0
bi akşam nasıl içmişiz saat sabaha karşı 4 suları falan dışarda serserilik yapıyoz para tak zaten aq o zmanlar. içki sonrası bişeyler yiyelim dedik fırının birini açmışlar sabah ekmeği yapmak için o vakitler dedik nostalji olsun diye simit alalım. hava da buz kesiyo aq. neyse simitleri aldık parkın birinde grup halinde oturuyoz 7-8 kişi varız. o saatte taş çatlaşa 5 yaşında olan çocuğun biri de bira şişesi topluyo parktan. gruptan zaten o sırada ayrıldım yanlız oturup çocuğu izliyorum. ilk defa kendimden bu kadar nefret ettim. o çucuk ekmek parası için gecenin köründe dışarda çalışırken biz baba parasıyla içip sıçıyoz orda burda. dedim en azından çocuk bu akşam çalışmasın. cebimde olan tüm parayı vercem çocuğa çağırdım yanıma konuştuk baya çocukla. öyle efendi bi çocuk ki anlatamam. paramı zaten kabul etmedi almam abi dedi. zorla cebine koydum sonra tembihledim evine gideceksin doğru şimdi dedim. tamam dedi gitti. bizde sonrasında kalkıp evlere değıldık.

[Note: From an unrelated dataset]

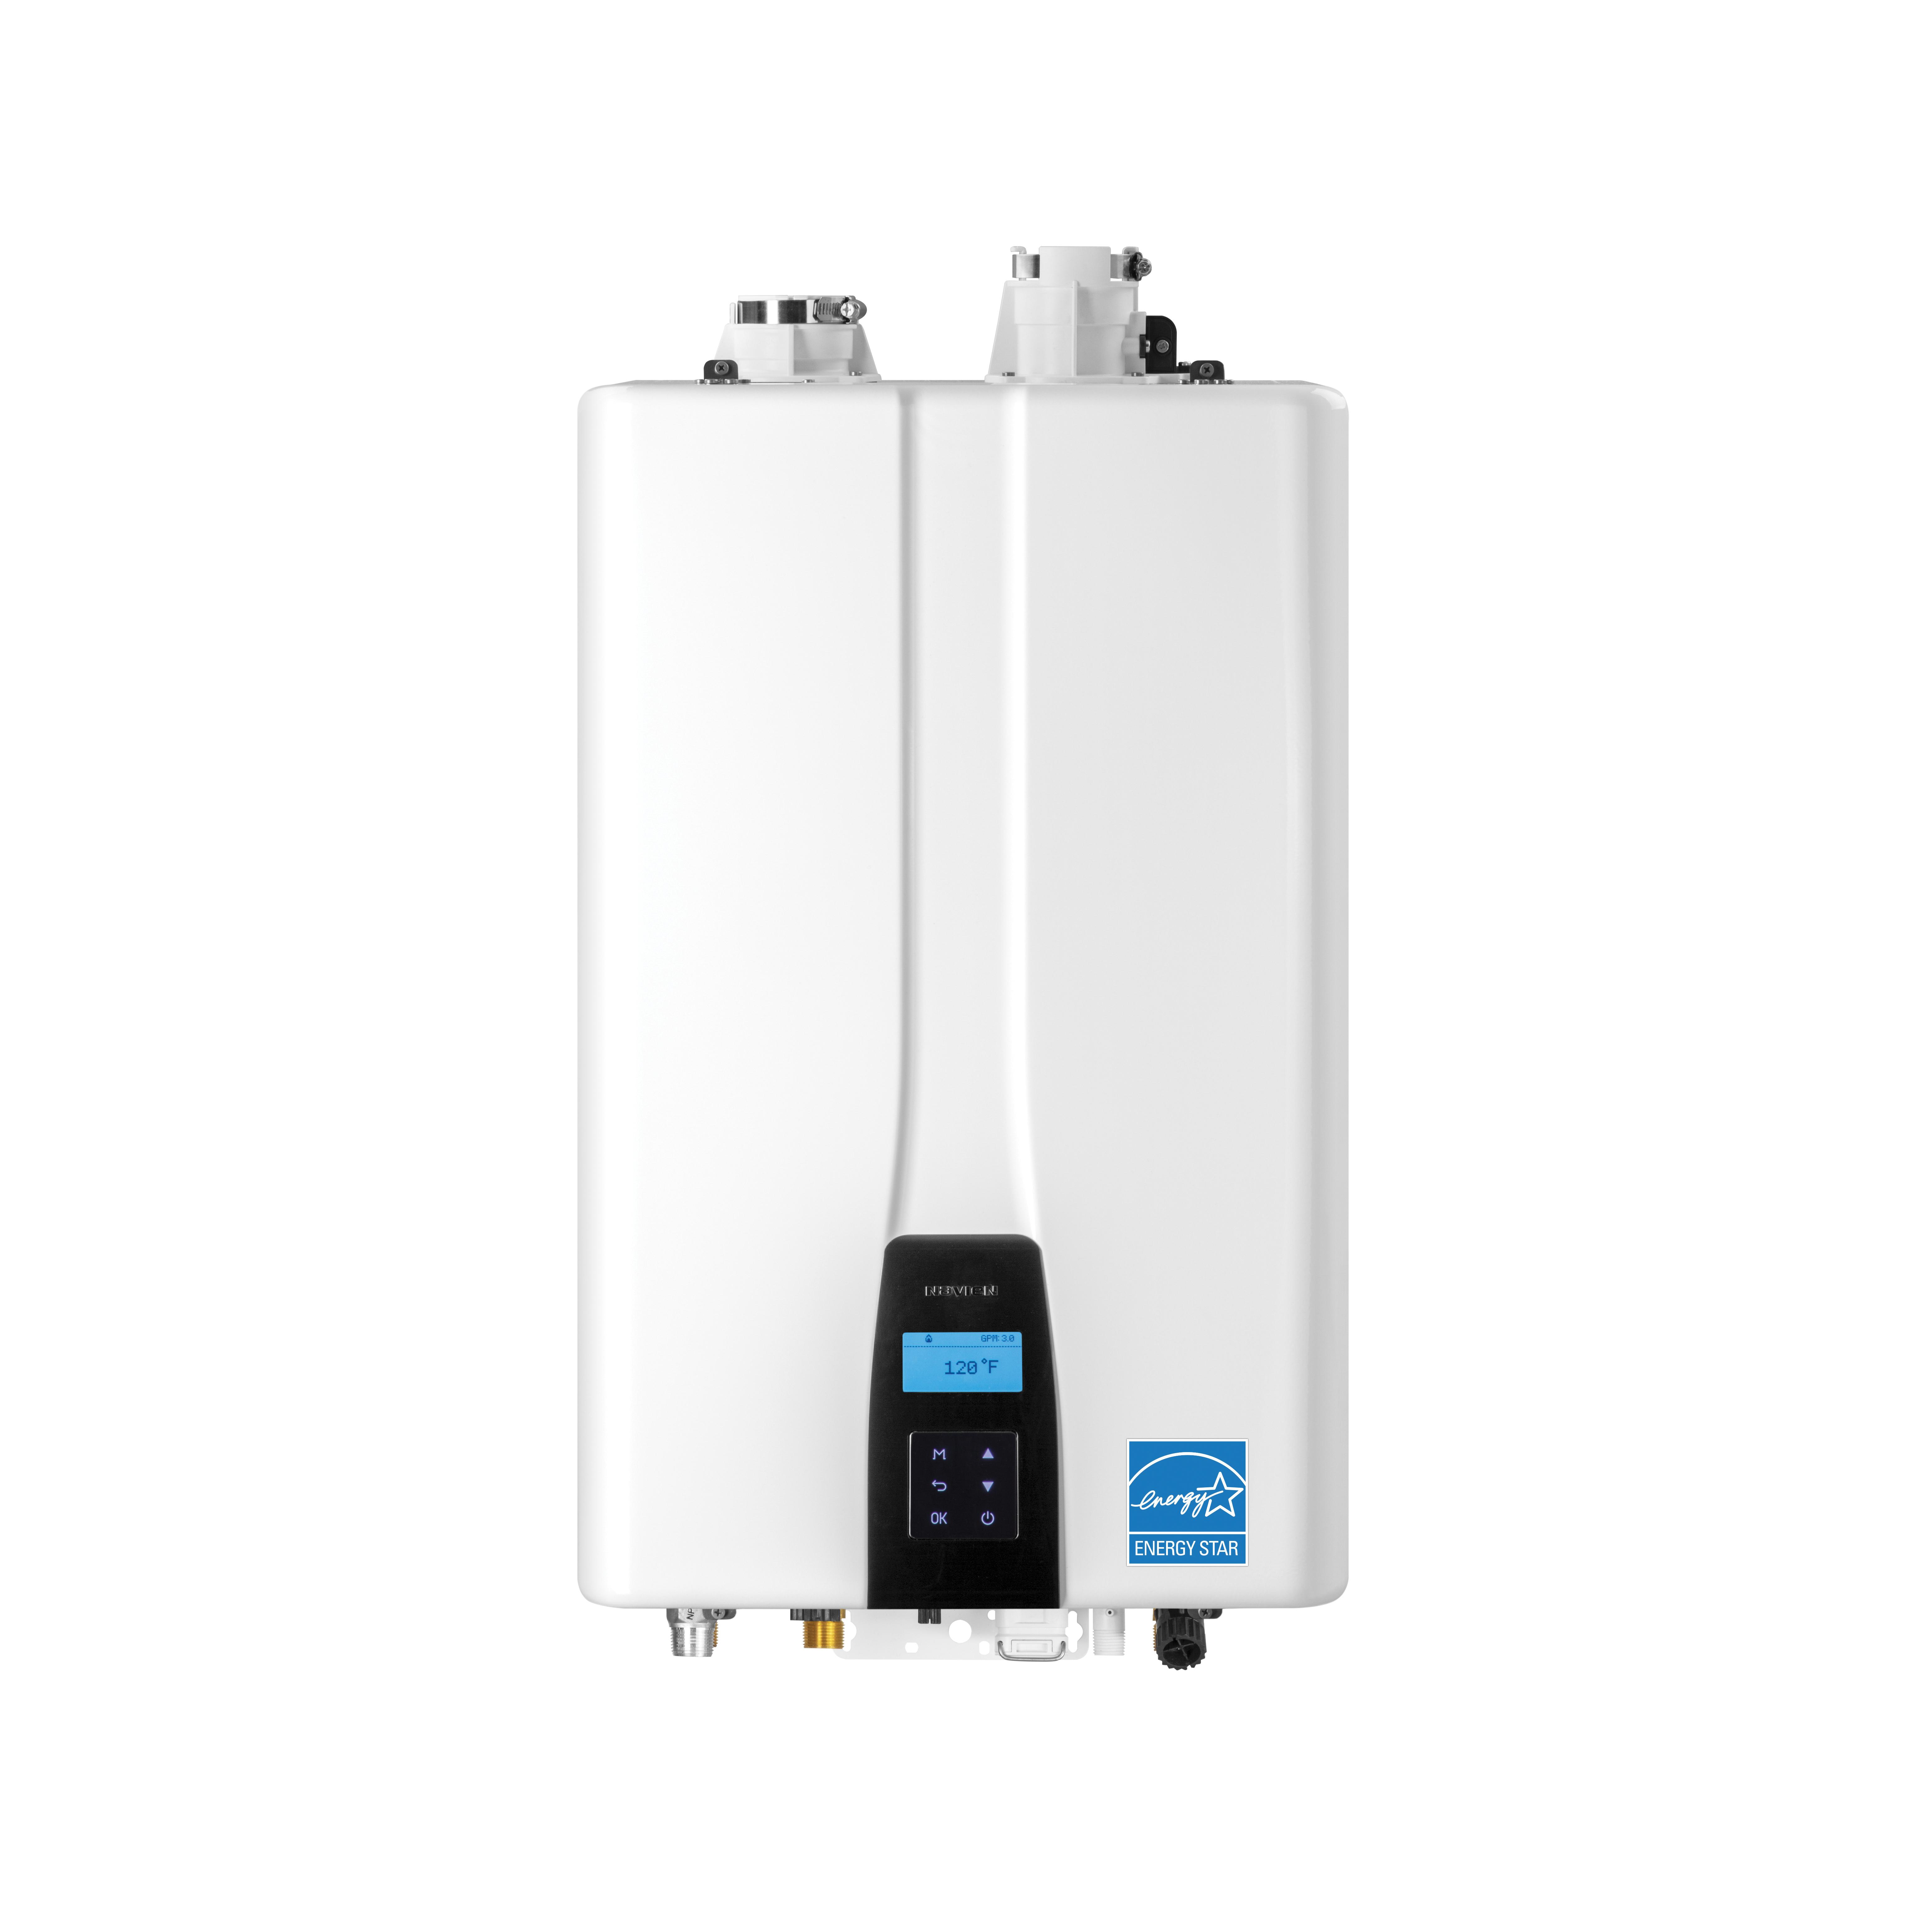 KD Navien® NPE-150S2 NPE-S2 Series High Efficiency Premium Standard Tankless Gas Water Heater, Natural Gas/Liquid Propane Fuel, 18000 to 120000 Btu/hr Heating, Indoor/Outdoor: Indoor/Outdoor, Condensing, 6.8 gpm at 35 deg F Flow Rate, 2 in Vent, Dual

binler bizim ev müstakil bahçeli bi ev. bahçeli falan işte. neyse sabah kalktığımda bahçe kapısının arkasına bir baktım para yerde duruyo. meğer o çocuk gece bizi takip edip evi öğrenmiş ve parayı bahçeye atmış. o parayı yerde görünce zaten başımdan aşağı kaynar sular döküldü. o anı hayatım boyunca da unutamam. ve kaç akşam çıktıysam o çocuğu bi daha hiç göremedim.
böyle bi anımdı binler aklıma geldi yine canım sıkıldı bak.
özet: fakir ama gururlu bi çocuktan yediğim ayar diyelim.